Ace757
Well-known member
- Joined
- Aug 2, 2003
- Posts
- 267
JetBlue Posts 12.5% Lower Profit But Double-Digit MarginAviation Daily04/23/2004, page 02
JetBlue's first-quarter profit slipped 12.5% to $15.2 million due to high fuel prices and an intense battle on transcontinental routes, but the carrier still managed to report an 11.3% operating margin for its weakest period of the year.
In a conference call with analysts, CEO David Neeleman expressed mixed emotions about the quarter's performance. On the one hand, the airline's double-digit margin was at the high end of management's guidance and costs excluding fuel were lower than expected. On the other, Neeleman expressed concern that transcon routes weighed down profits.

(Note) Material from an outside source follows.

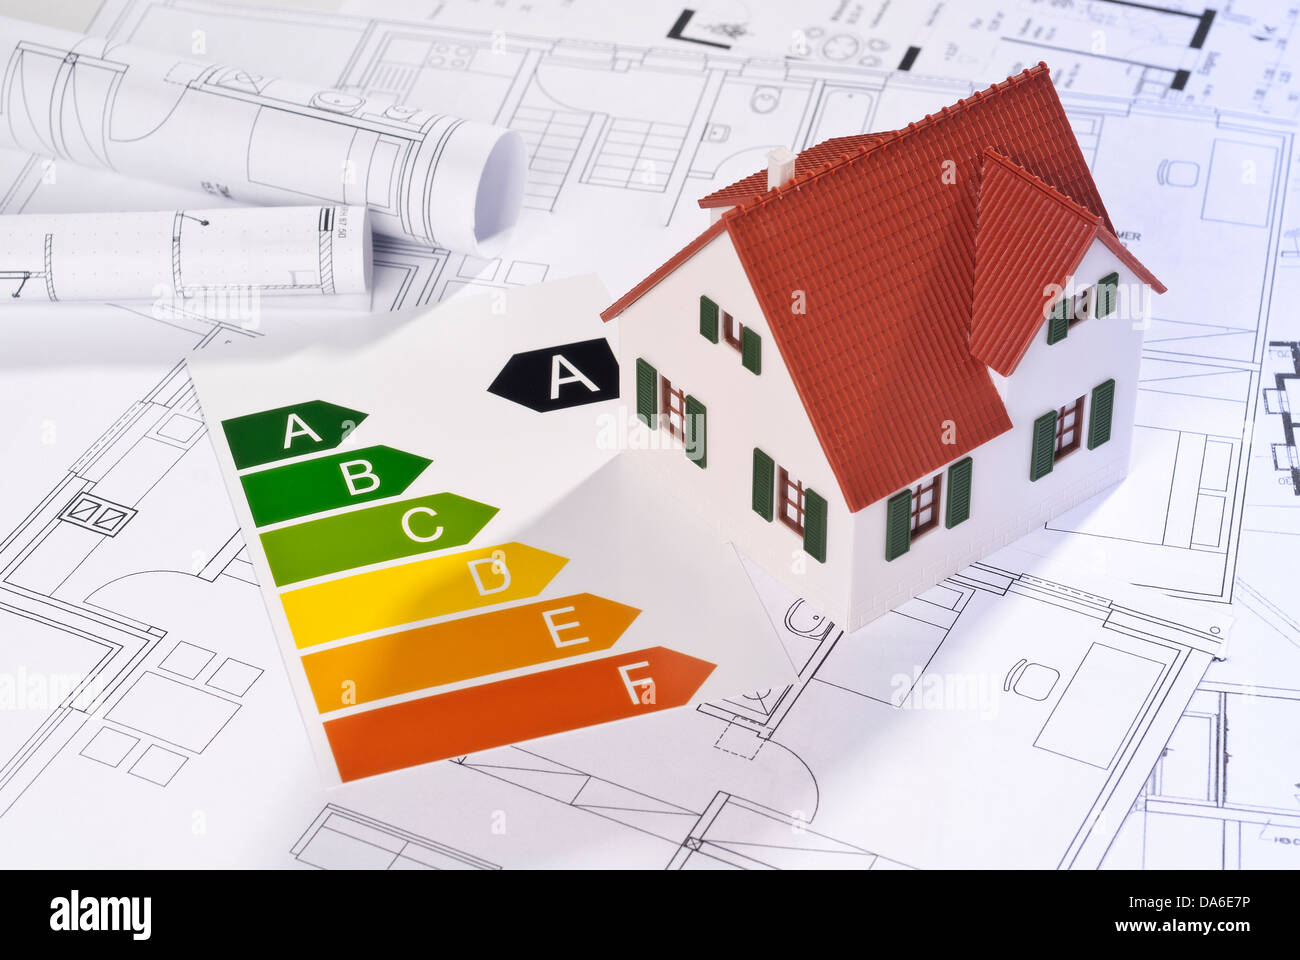 Energy efficiency label with architectural model and blueprints. Stock Photo

Revenues jumped 33.1% to $289.0 million, keeping the airline on track to easily top $1 billion in revenues for the year, the Dept. of Transportation's benchmark for major airline status. Yields however, fell 6.2% to 8.29 cents on a 7.8% increase in average length of haul. Load factor sank 1.5 percentage points to 79.9% as did unit revenue, which fell 7.9% year-over-year to 6.85 cents. Overall, CFO John Owen said the airline's revenues were almost exactly at the level forecast by management.

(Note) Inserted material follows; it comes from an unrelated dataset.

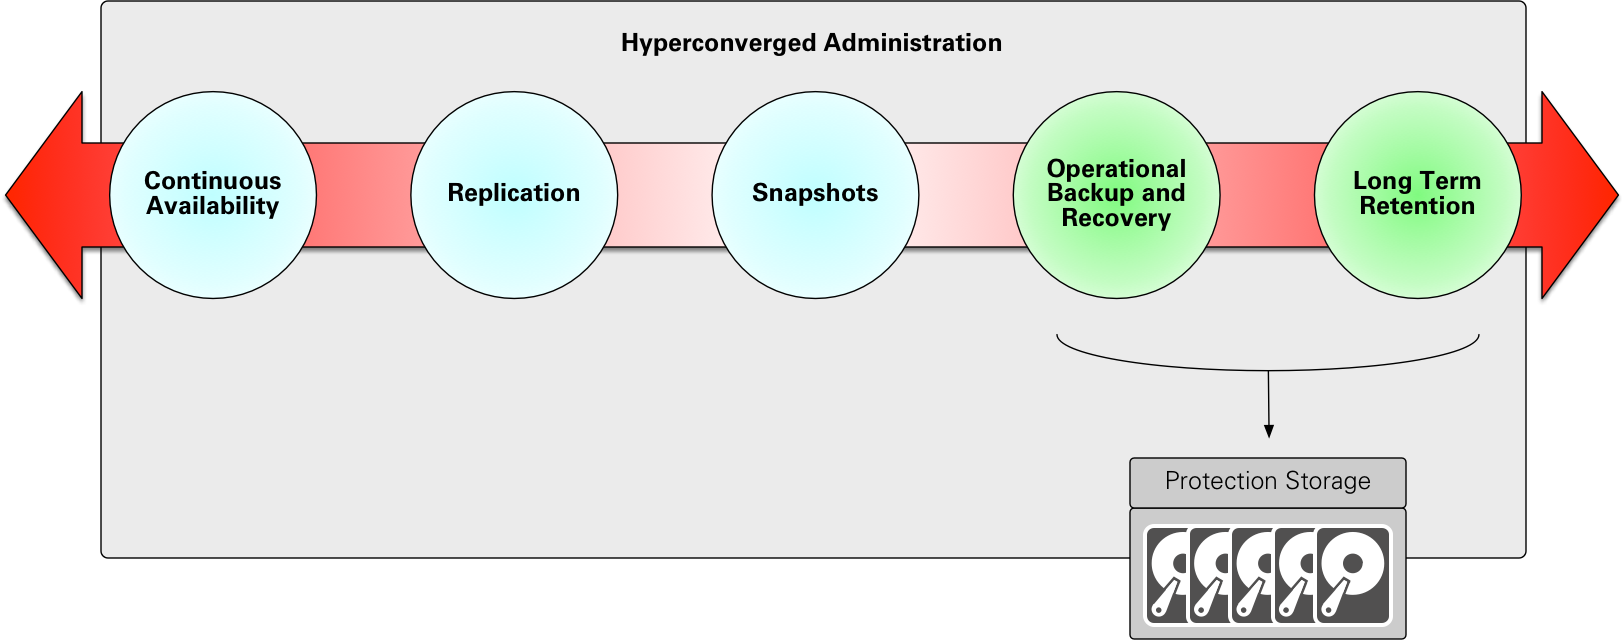 Hyperconverged Administration

Fuel aside, there were some pleasant surprises on the cost side of the income statement. Unit costs fell 2.9% to a rock-bottom 6.08 cents, which Owen attributed to "continuing economies of scale." He said the airline had a longer average stage length and lower-than-expected fuel burn per block hour. The airline also spent less on sales and marketing than expected.

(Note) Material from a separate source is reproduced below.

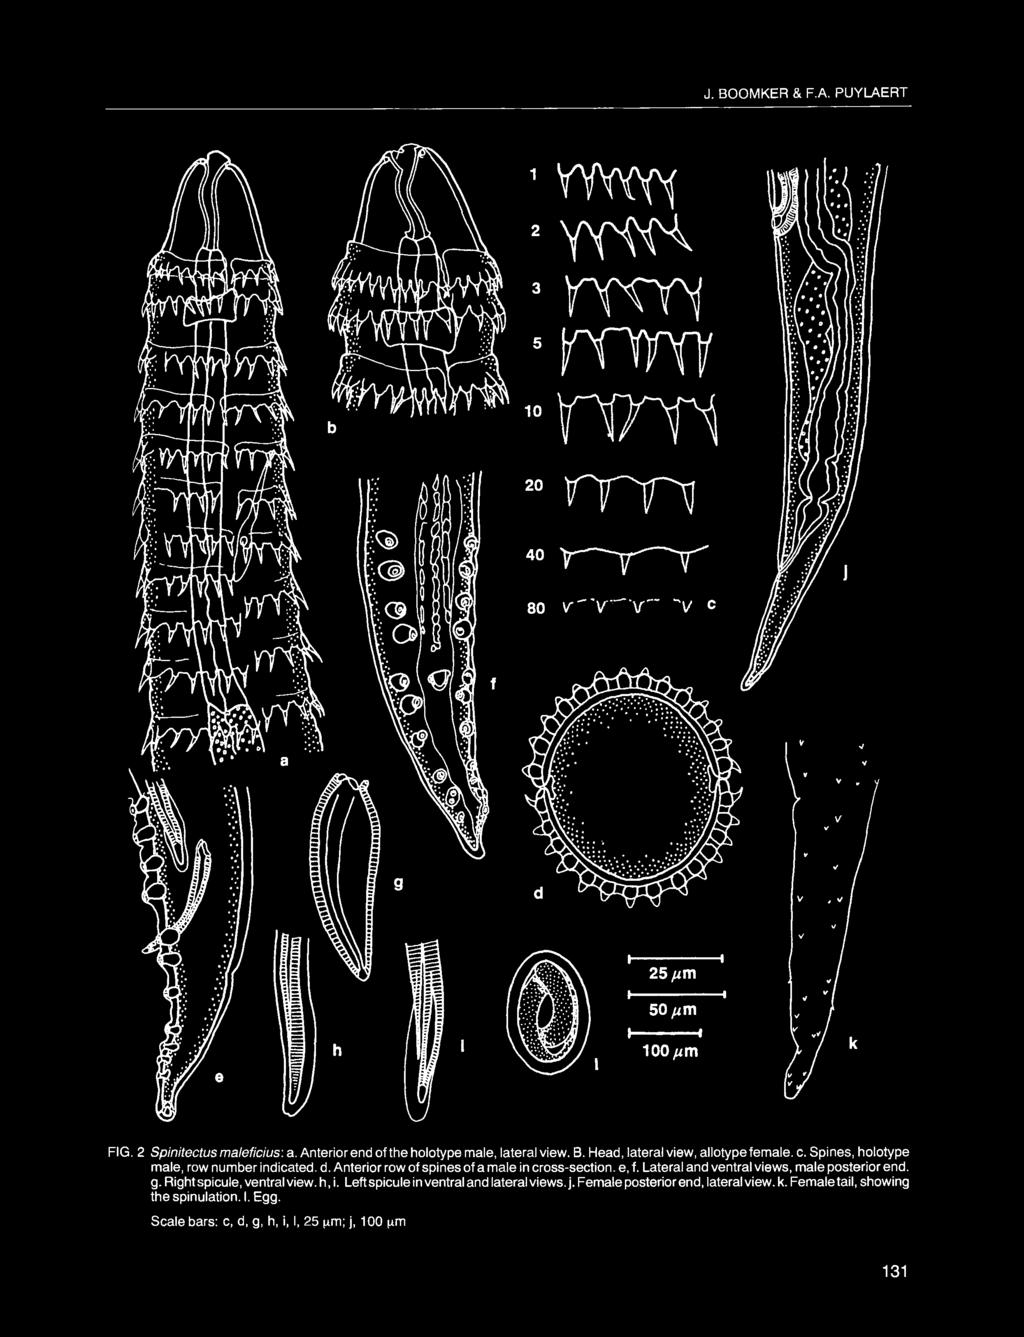 Spines, holotype male, row number indicated. d. Anterior row of spines of a male in cross-section. e, f. Lateral and ventral views, male posterior end. g.

During the quarter, the airline paid $0.92 per gallon, a 6.1% decrease from last year, but the cost was higher than the amount budgeted. The carrier has 44% of its fuel requirements hedged for the second quarter and about 40% hedged for the second half of the year. JetBlue ended the first quarter with $585 million in cash and short-term investments.
Neeleman reported that about 53% of JetBlue's capacity in the quarter was deployed on transcon routes. He described the "meltdown" of the transcon markets, when American and other network carriers launched aggressive pricing and promotions to compete. Each month during the quarter brought improvements, but those routes are expected to remain under pressure.
Neeleman added, however, that he believes JetBlue is more insulated in the transcon battle because it operates to Long Beach, Calif., while much of the capacity is being added to Los Angeles International Airport. Executives said the north-south routes between New York and Florida did extremely well over the winter with high demand. The airline peaked at 53 daily flights between New York Kennedy and Florida, and Neeleman predicted it might offer 65 flights next winter.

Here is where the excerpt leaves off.